There is another approach we can take that involves changing the learning parameter for our optimizer. As you can see in Figure 26, the best value reached by our three experiments [lr=0.1, lr=0.01, lr=0.001] is 0.1, which is the default learning rate for the optimizer. Good! adam works well out of the box:

Chart

Figure 26: Accuracy for different learning rates

Increasing the number of internal hidden neurons

Yet another approach involves changing the number of internal hidden neurons. We report the results of the experiments with an increasing number of hidden neurons. We see that by increasing the complexity of the model, the runtime increases significantly because there are more and more parameters to optimize. However, the gains that we are getting by increasing the size of the network decrease more and more as the network grows (see Figures 27, 28, and 29). Note that increasing the number of hidden neurons after a certain value can reduce the accuracy because the network might not be able to generalize well (as shown in Figure 29):

Chart

Figure 27: Number of parameters for increasing values of internal hidden neurons

Chart

Figure 28: Seconds of computation time for increasing values of internal hidden neurons

Chart

Figure 29: Test accuracy for increasing the values of internal hidden neurons

Increasing the size of batch computation

Gradient descent tries to minimize the cost function on all the examples provided in the training sets and, at the same time, for all the features provided in input. SGD is a much less expensive variant that considers only BATCH_SIZE examples. So, let us see how it behaves when we change this parameter. As you can see, the best accuracy value is reached for a BATCH_SIZE=64 in our four experiments (see Figure 30):

Chart

Figure 30: Test accuracy for different batch values

Summarizing experiments run for recognizing handwritten charts

So, let's summarize: with five different variants, we were able to improve our performance from 90.71% to 97.82%. First, we defined a simple layer network in TensorFlow 2.0. Then, we improved the performance by adding some hidden layers.
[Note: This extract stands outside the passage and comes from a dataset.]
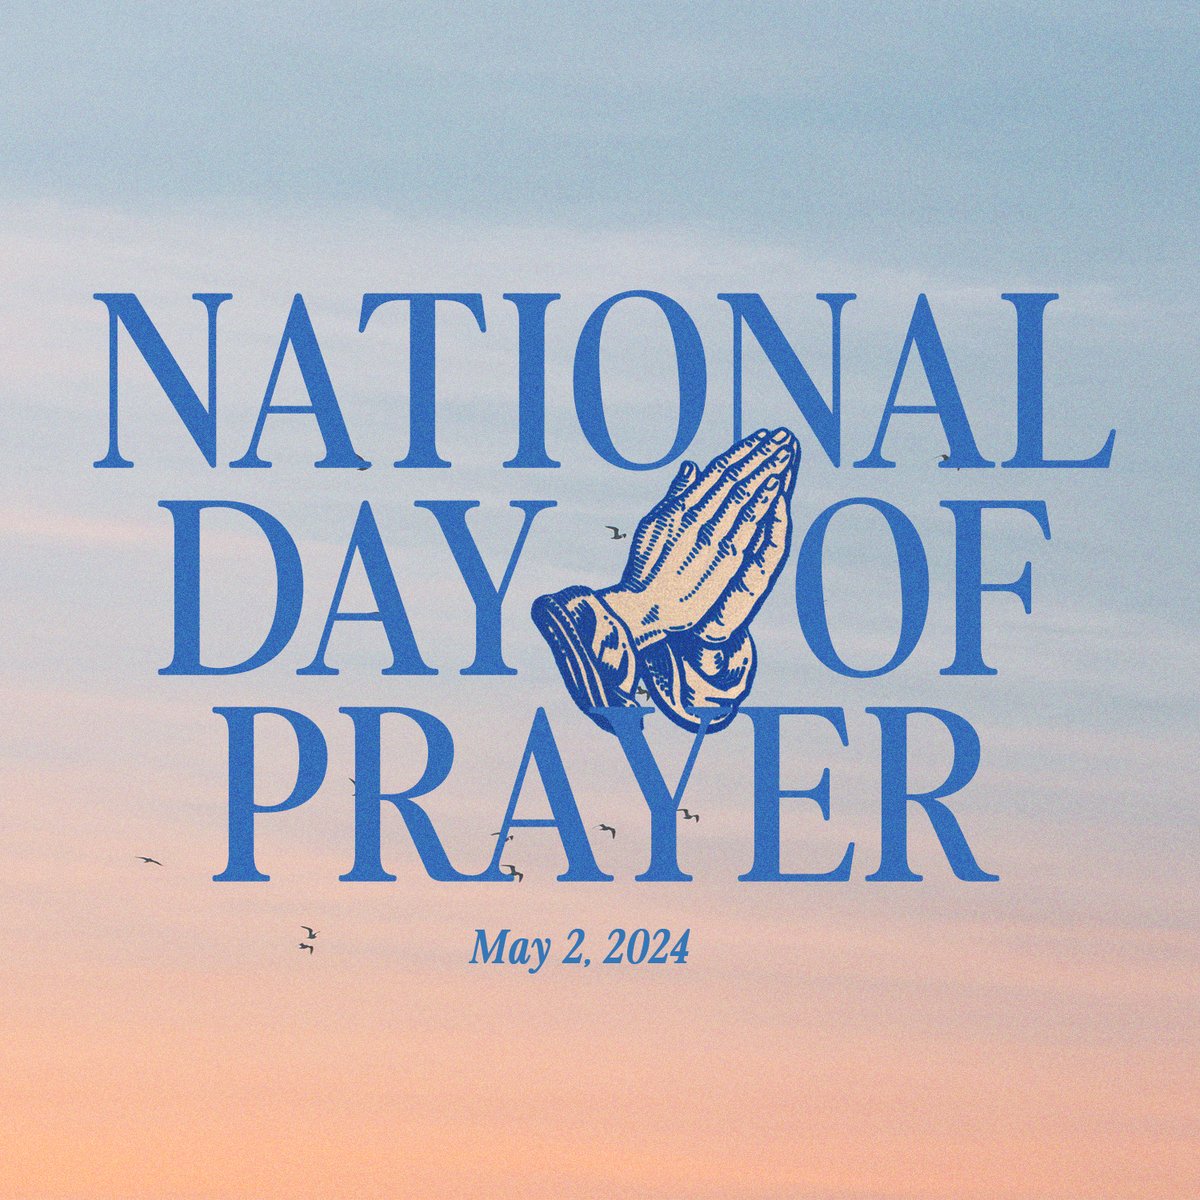 This country was built on the love of God, family, and country. Happy National Day of Prayer. “Now may the God of hope fill you with all joy and peace in believing, that you may abound in hope by the power of the Holy Spirit.” – Romans 15:13

After that, we improved the performance on the test set by adding a few random dropouts in our network, and then by experimenting with different types of optimizers:

model/accuracy

training validation test
simple

89.96%

90.70%

90.71%

2 hidden(128)

90.81%

91.40%

91.18%

dropout(30%)

91.70%

94.42%

94.15% (200 epochs)

RMSProp

97.43%

97.62%

97.64% (10 epochs)

Adam

98.94%

97.89%

97.82% (10 epochs)

However, the next two experiments (not shown in the preceding table) were not providing significant improvements. Increasing the number of internal neurons creates more complex models and requires more expensive computations, but it provides only marginal gains. We have the same experience if we increase the number of training epochs. A final experiment consisted of changing the BATCH_SIZE for our optimizer. This also provided marginal results.